Capítulo 4 Jenny

—¿Qué te parece Devon? —pregunté a Dan mientras desplegaba los folletos de vacaciones en el hueco que nos separaba en el sofá de cuadros azules y blancos. Había traído un montón de la agencia de viajes donde trabajaba y estábamos pasando la mañana del sábado hojeándolos, decidiendo dónde ir de luna de miel.

—Hummm... Devon —dijo Dan, sopesando la idea. Presionó el émbolo de la cafetera francesa—. Allí podemos practicar surf, ¿verdad? Sería divertido. —Se le iluminó la mirada al pensarlo.

—Sí. O mejor tomamos té con scones y paseamos tranquilamente por la playa, ¿vale? —repliqué mientras me pasaba una taza de café caliente—. No estoy segura de que pasar la semana con un traje de neopreno que huele a pis sea la manera más sexy de comenzar nuestra vida de casados.

Dan se echó a reír.

—Serías la bomba sobre las olas, Jen, incluso oliendo mal.

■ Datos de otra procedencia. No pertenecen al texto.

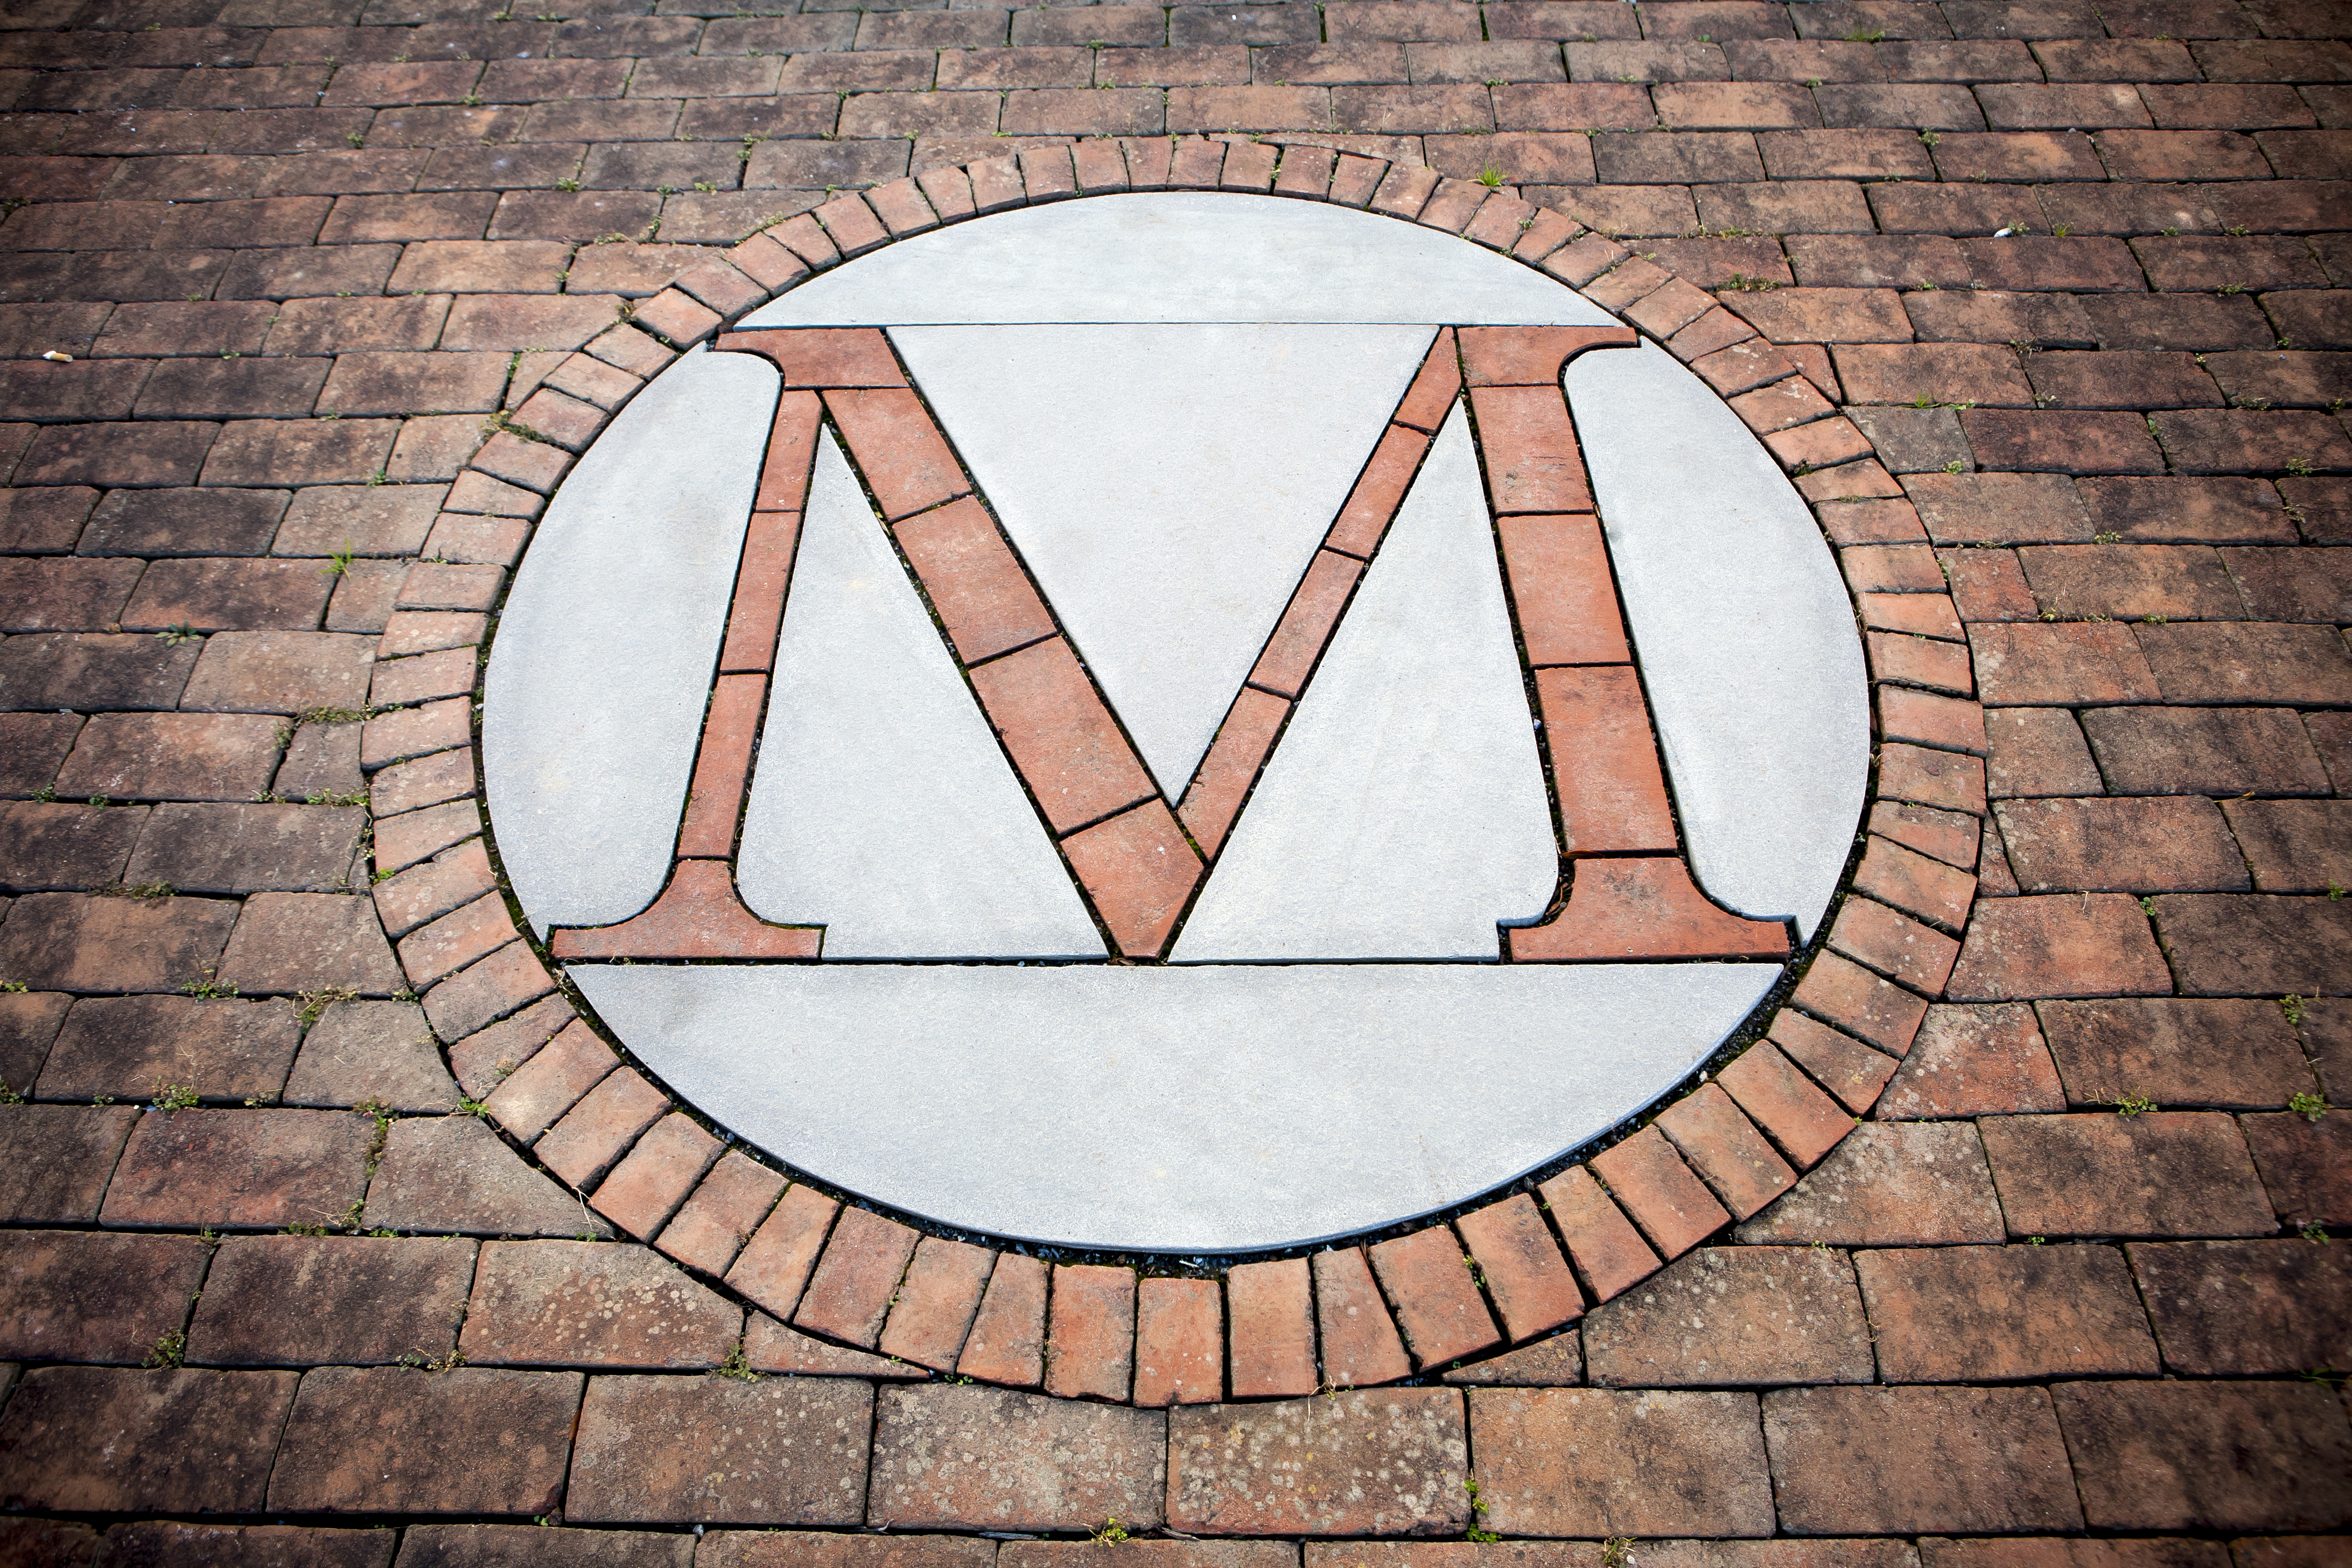 Brick M

Después de la universidad estuvimos viajando un par de meses por Centroamérica y pasamos parte del tiempo aprendiendo surf. El agua estaba tan templada allí que yo solo usaba bikini. Me lo pasé fenomenal, pero con dos meses me di por satisfecha y me apetecía volver a casa con papá y Chris. No quería dejar pasar demasiado tiempo para ponerme a buscar trabajo, pero Dan se quedó por allí y descubrió una pasión por viajar que le acompañó para siempre: escalar volcanes, montar a caballo en los Andes, explorar templos, todo lo habido y por haber. Me trajo souvenirs, hizo fotos de todos los destinos. Me gustaba que nuestra acogedora sala de estar estuviese llena de portarretratos con nuestras fotos: playas mexicanas, siluetas urbanas, atardeceres, un viaje alrededor del mundo. Me escribió correos casi todos los días que estuvo ausente. Los leía en el pisito compartido que encontré encima de una tienda de la calle principal de Charlesworth y me sentía como si estuviese allí mismo con él.

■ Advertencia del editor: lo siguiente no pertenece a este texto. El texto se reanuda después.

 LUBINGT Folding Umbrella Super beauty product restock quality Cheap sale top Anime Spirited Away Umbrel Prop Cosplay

Al cabo de ocho meses, a Dan se le acabó el dinero y regresó. Estuvo un tiempo sin nada que hacer hasta que encontramos un trabajo en la agencia de viajes para estudiantes de Brighton. Era perfecto para él. Disfrutaba de lo lindo asesorando a la gente sobre dónde ir y qué hacer una vez allí. Además, los vuelos baratos que conseguía por trabajar ahí eran un gran aliciente; hicimos un viaje fantástico a Australia para visitar a Emma, la hermana de Dan, cuando vivía en Melbourne. En los dos últimos años Dan había organizado unos cuantos viajes de aventura extrema con sus amigos como caminatas de varios días y rutas de ciclismo de gran altura, y yo encantada de dejarlos a su aire. Me lo pasaba en grande escuchando sus historias cuando volvía a casa. Hace un año, cuando por fin saldó la cuenta de su tarjeta de crédito, alquilamos un apartamento de un dormitorio, pequeño pero muy bien diseñado, en la segunda planta de una casa adosada. Y desde entonces estamos aquí.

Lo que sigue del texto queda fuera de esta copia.